Week 1, Class organization. Discuss, implement, and document Monroe et al., Fightin' Words. Stats vs. Data Science Stack Exchange data.
There will be no programming assignment for this week.

Week 2, Unsupervised semantic models with matrix factorization Readings: (Review both, you have two weeks.)

Landauer et al., An Introduction to Latent Semantic Analysis.
Brown et al., Class-Based n-gram Models of Natural Language.

Week 3, Probabilistic admixtures, the Dirichlet Multinomial. Readings: (Select one for your review.)

Hofmann, Probabilistic Latent Semantic Analysis.
Wallach, Mimno, McCallum, Rethinking LDA: Why Priors Matter.
[suggested] McCallum, Multi-label Text Classification with a Mixture Model Trained by EM.

Week 4, Gibbs sampling, The topic model zoo, or, "Spot the Dirichlet Multinomials!" Warm-up:

Read this recap of The Dirichlet-multinomial distribution, and do the exercise at the end (derive the predictive distribution of a Dirichlet-multinomial).

Readings: (We will cover each of these briefly, select one for your review.)

Rosen-Zvi et al., The Author-Topic Model for Authors and Documents.
Chemudugunta et al., Modeling General and Specific Aspects of Documents with a Probabilistic Topic Model.
Wallach, Topic Modeling: Beyond Bag-of-Words.
Griffiths et al., Integrating Topics and Syntax.

Week 5, Word embeddings. word2vec and GloVe.

Bojanowski et al., Enriching Word Vectors with Subword Information.
Levy and Goldberg, Neural Word Embedding as Implicit Matrix Factorization.
Levy et al, Improving Distributional Similarity with Lessons Learned from Word Embeddings.

We will also refer to:

Mikolov et al., Distributed Representations of Words and Phrases and their Compositionality.
Pennington et al., GloVe: Global Vectors for Word Representation.

Week 7, Stochastic inference. Spectral and matrix-based inference.

Hoffman et al., Online Learning for Latent Dirichlet Allocation.
[suggested] Hoffman et al., Stochastic Variational Inference.
Background: Arora et al., A Practical Algorithm for Topic Modeling with Provable Guarantees

Week 8, Topic Model Evaluation.
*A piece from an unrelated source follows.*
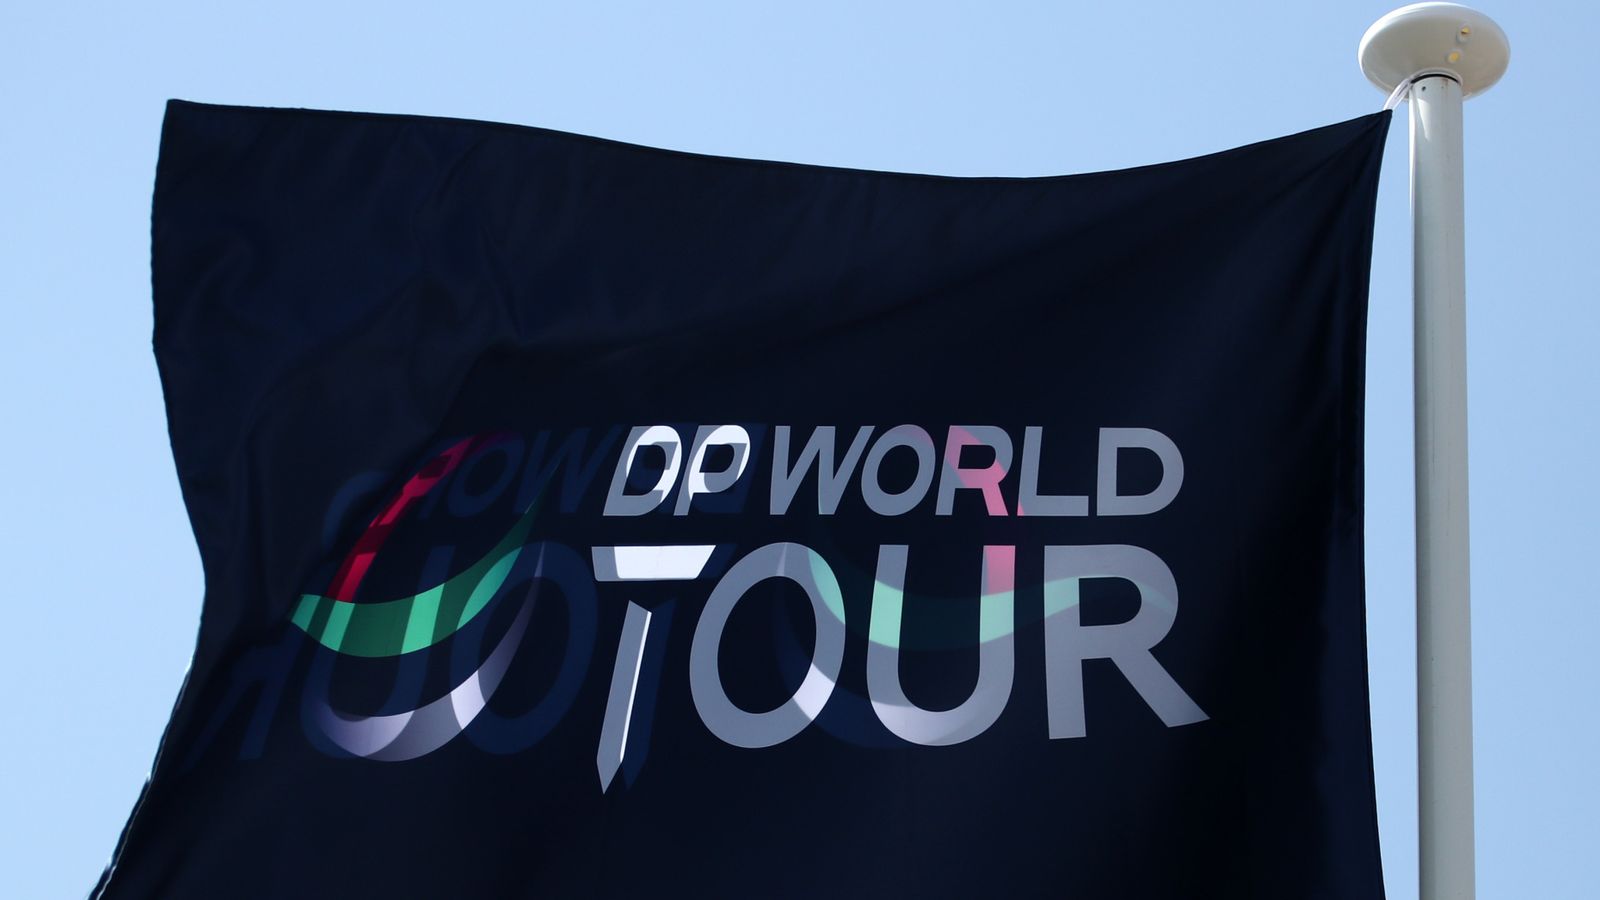 dp world tour definition

Reading: (Select two for your review.) IN CLASS: fill out this topic model evaluation form.

Chang et al., Reading Tea Leaves: How Humans Interpret Topic Models.
Wallach et al., Evaluation Methods for Topic Models.
AlSumait et al., Topic Significance Ranking of LDA Generative Models.
Newman et al., Automatic Evaluation of Topic Coherence.

Week 9, Embeddings part II: non-Euclidean, bilingual, evaluation.

Nickel et al., Poincaré Embeddings for Learning Hierarchical Representations
Schnabel et al., Evaluation methods for unsupervised word embeddings
Upadhyay et al., Cross-lingual Models of Word Embeddings: An Empirical Comparison (a good survey of both bilingual embeddings and evaluations)

Week 10, Contextualized embeddings and BERT

Wieting et al., CHARAGRAM: Embedding Words and Sentences via Character n-grams
Peters et al., Deep contextualized word representations (page links to arXiv PDF)
Devlin et al., BERT: Pre-training of Deep Bidirectional Transformers for Language Understanding, with code

Week 11, Networks

Lancichinetti et al., A high-reproducibility and high-accuracy method for automated topic classification.
Ball et al., An efficient and principled method for detecting communities in networks.

Week 12, Project presentations.

Grading: 50% of the grade will be assigned for the independent research project. The remaining 50% will be based on class presentations and participation. Students will take turns leading in-class discussion of papers or presenting reports on implementations for simple algorithms. Students will also be expected to share ideas about their ongoing projects and provide constructive feedback to other members of the class, so participation will be essential. The beginning of the class will focus more on reading, the end of the class will focus on your research projects.